Irish v. Vatican

Maybe it’s not on the order of Henry VIII, the French Revolution, or the Resorgimento, but the Vatican’s current pissing match with the government of Ireland represents the biggest conflict with a Western state that it has gotten into in decades, as well as the most serious diplomatic consequence so far of the rolling sexual […]

Maybe it’s not on the order of Henry VIII, the French Revolution, or the Resorgimento, but the Vatican’s current pissing match with the government of Ireland represents the biggest conflict with a Western state that it has gotten into in decades, as well as the most serious diplomatic consequence so far of the rolling sexual abuse scandal.

In the wake of July’s Cloyne Report, the latest in a series of accounts of church malfeasance, the Irish Prime Minister (Taoiseach) Enda Kenny gave a speech denouncing the “dysfunction, disconnection, elitism, the narcissism, that dominate the culture of the Vatican to this day,” and charging Rome with obstructing Irish investigations of clergy abuse as recently as three years ago. The Vatican’s response, delivered on September 3, rejected Kenny’s accusations according to the finest casuistical standards of Canon Law. Last Friday, the Irish government issued its own statement, sticking to its guns.

In fact, the Cloyne Report does not charge the Vatican with
recent obstruction–a point that the Vatican response does not omit to
mention.
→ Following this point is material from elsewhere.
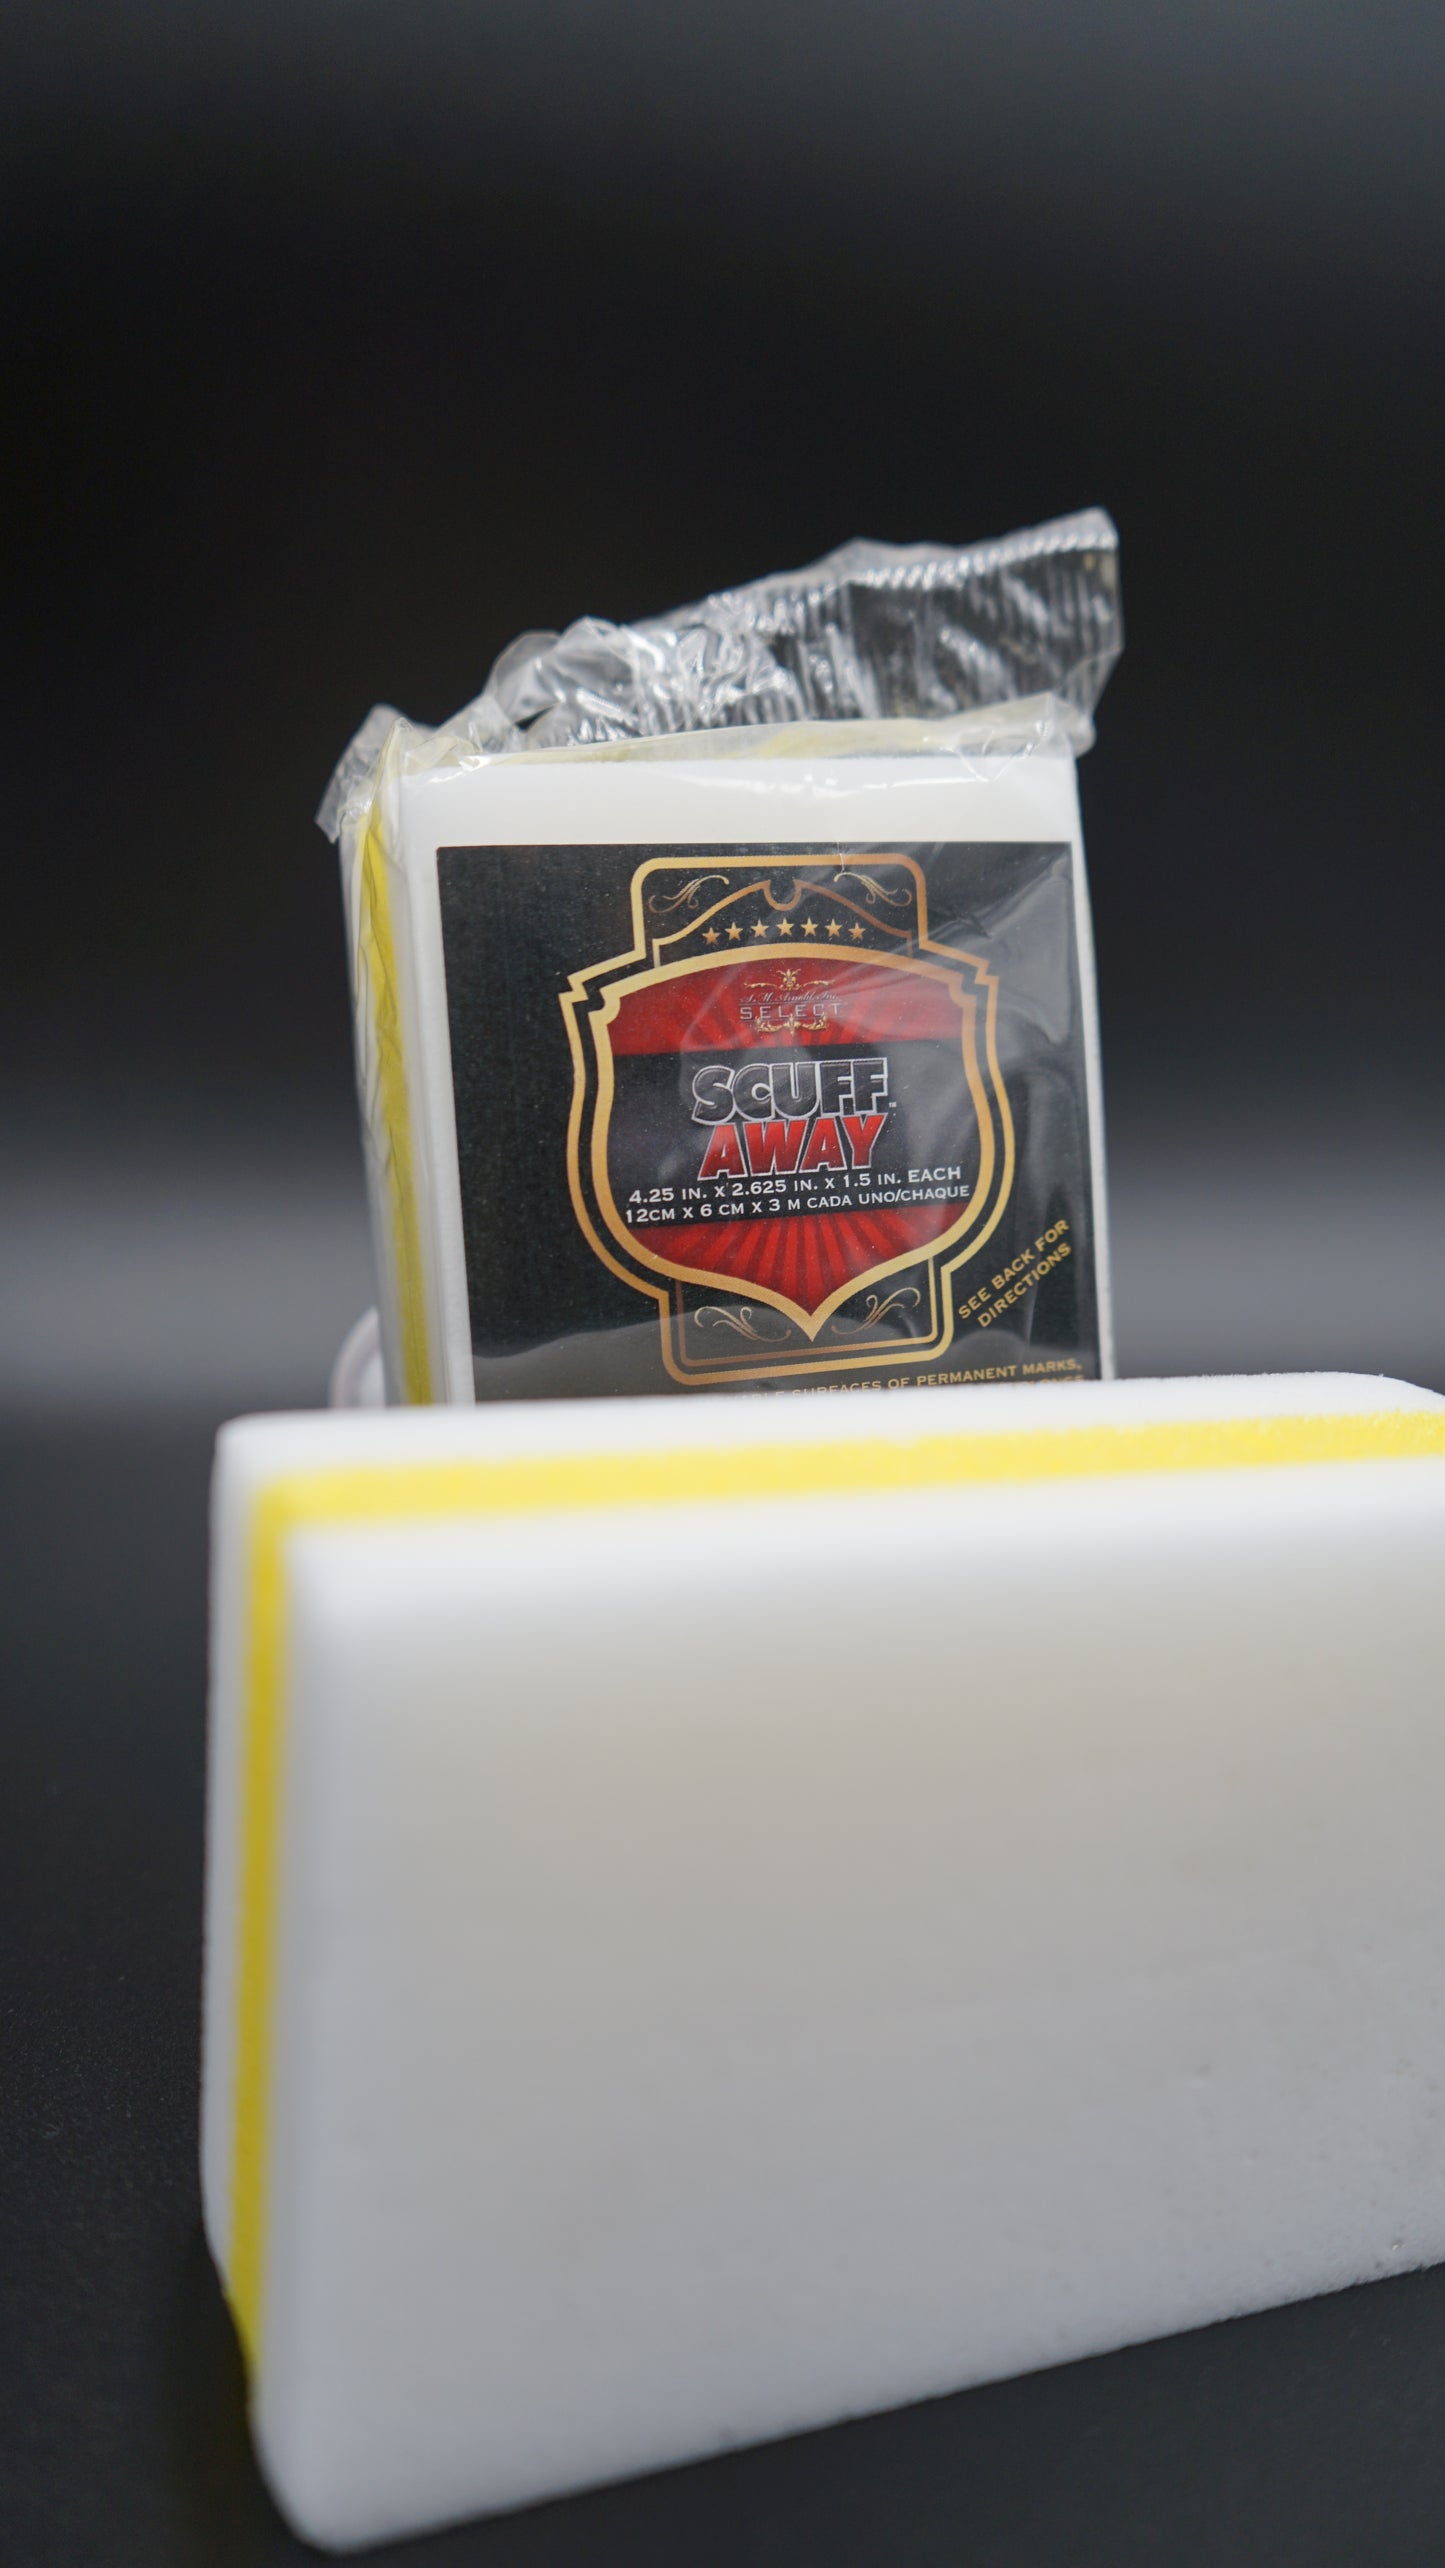 SM Arnold- White Eraser Sandwich with yellow foam- 85-426

But as Patsy McGarry, the Irish Times‘ religious affairs writer, demonstrates
case by case, Vatican officials repeatedly declined to cooperate with
the several Irish abuse investigations. If that isn’t obstruction, it’s
close enough.


Besides the charge of obstructionism, the principal bone of contention is a 1997 letter from the then-papal nuncio that, according to the government’s response-to-the-response, “provided a pretext for some members of the clergy to evade full
co-operation with the Irish civil authorities in regard to the abuse of
minors.” This is more than probable, though a case can be made, and NCR’s John Allen makes it, that the problem now is less a failure of Vatican policy than of dioceses not following the policy that’s in place–and of failing to be held accountable when they don’t.

Allen, who cuddles up to the hierarchy a lot more than he used to, is at pains to point out that archbishops Tim Dolan of New York and Charles Chaput of Philadelphia have of late expressed the opinion that there should actually be some accountability mechanism for bishops who fail to observe the rules for handling abuse cases.

Forces interested in genuine reform would do well to press such leaders
to put their money where their mouth is, fleshing out what
“accountability with teeth” would look like – especially in a church
with more than 5,000 bishops, as well as scores of religious communities
and other jurisdictions, but just one pope. That effort, and not a
fruitless quest for some magic bullet in Vatican policy, is where the
action is.

I can’t imagine what Allen has in mind in this regard, unless its to get the likes of Dolan and Chaput to put pressure on the Vatican itself to institute a policy and a procedure for disciplining bishops who cover up abuse cases–the same way the Vatican disciplines bishops who, oh, suggest that the ordination of women and an end to clerical celibacy might be in order. So far, Rome has shown not the slightest interest in heading down such a path.